While these data do not yet demonstrate efficacy of GM6 as an ALS treatment, our findings have revealed several positive trends warranting further evaluation in a phase III clinical study. The findings support the hypothesis that GM6 favors neuron survival in ALS patients, slowing symptom progression and promoting a biomarker profile consistent with less severe disease.

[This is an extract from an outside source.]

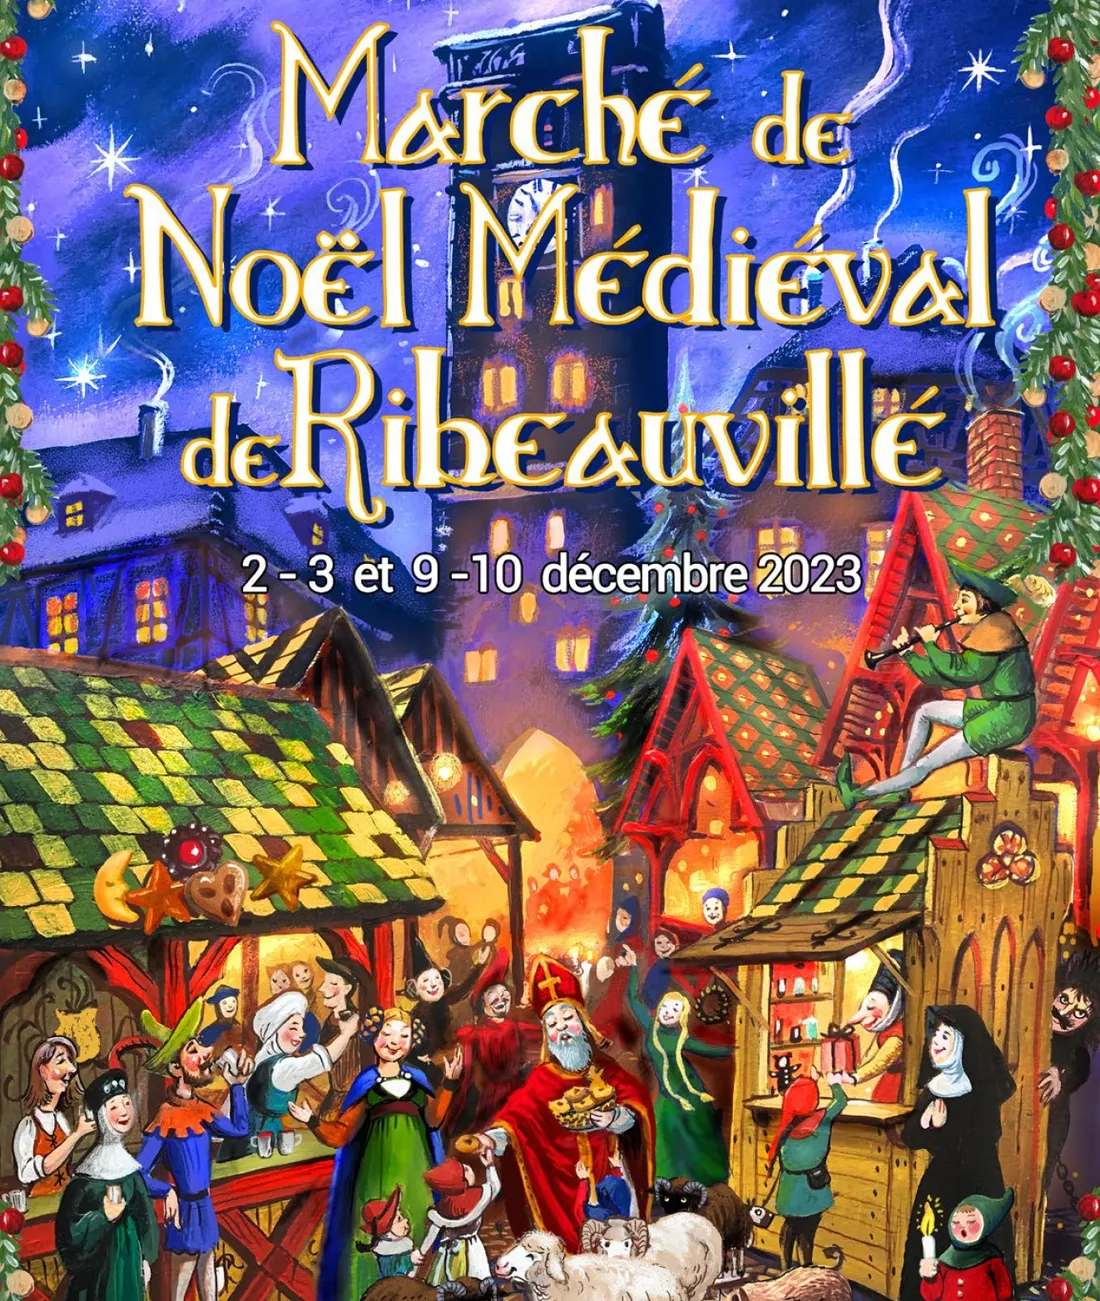 Marché de Noël Médiéval de Ribeauvillé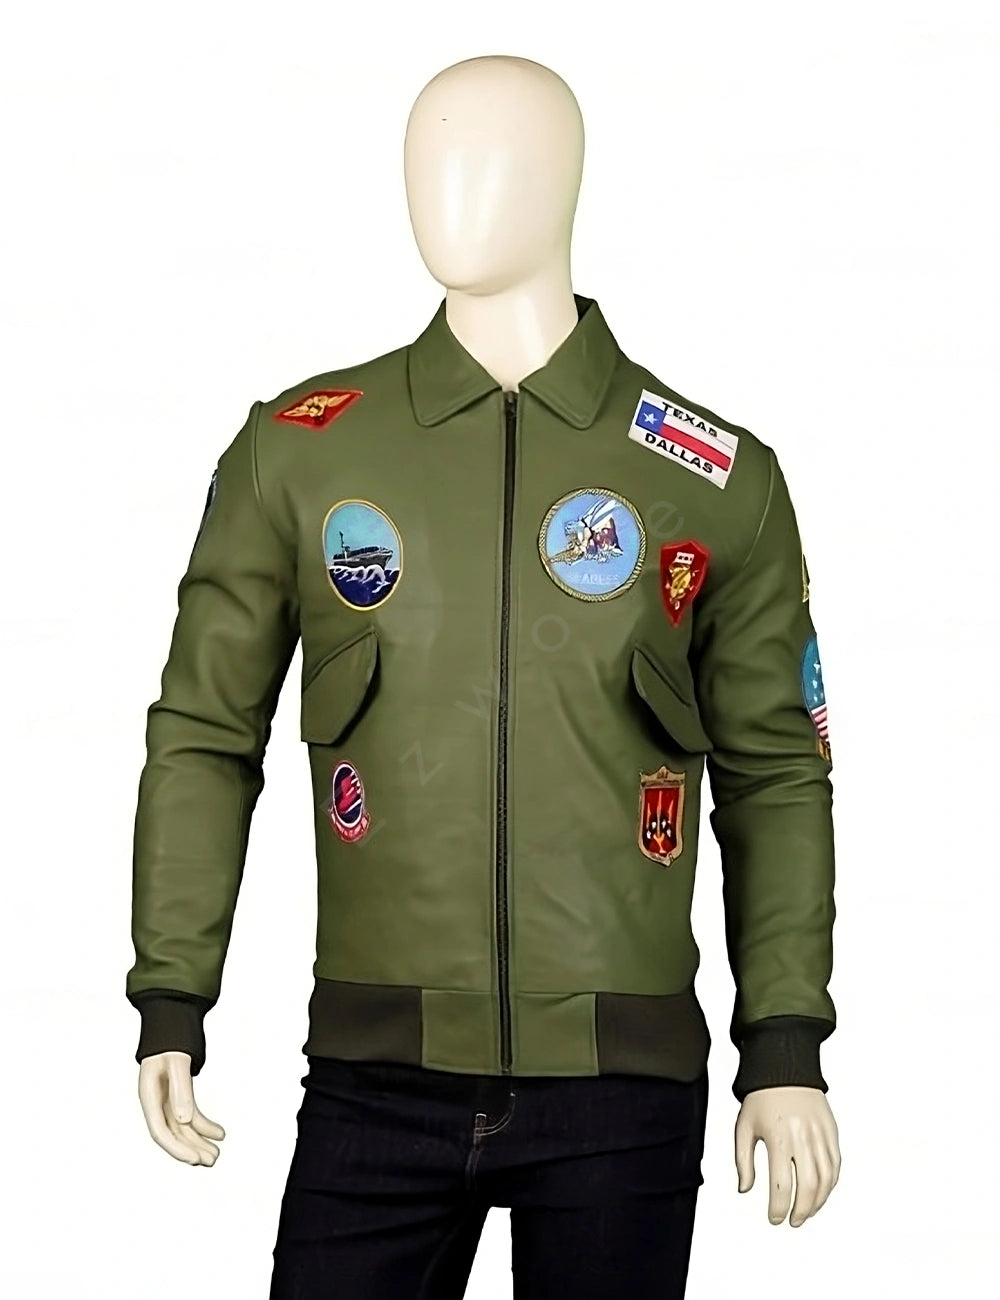 Top Gun 2 Jacket

ALS is a debilitating disease that currently lacks highly effective pharmacological treatment options. Through decades of preclinical and clinical research, we developed the peptide drug GM6 as a potential treatment to improve neuron survival and inhibit symptom progression in ALS. Findings outlined in this summary demonstrate our progress in characterizing unique mechanisms of action for GM6 as a treatment for ALS. These mechanisms involve multiple extracellular receptors and the activation of intracellular signaling cascades, leading to altered transcription of hundreds of genes with broad hormone-like effects on cellular physiology. We have hypothesized that these effects can effectively promote neuron survival in the setting of ALS, resulting in the inhibition of symptom progression. In support of this, we have demonstrated efficacy of GM6 for treatment of the ALS-like phenotype in a widely used and validated mouse model (SOD1-G93A transgenic mice). We have extended these studies in a phase 2A clinical trial enrolling ALS patients, which confirmed safety of GM6 and a lack of drug-related adverse effects, while further demonstrating promising trends related to physical function measures and ALS disease biomarkers. These results together demonstrate unique mechanisms of action mediating the effects of GM6 on neuron survival, which involve multiple extracellular receptors, signal transduction pathways, transcription factors and transcriptionally regulated genes. Our findings further support the hypothesis that these mechanisms can effectively bolster neuron survival in ALS, as demonstrated by findings from a validated ALS mouse model and favorable trends from a double-blind, randomized, placebo-controlled phase 2A clinical trial.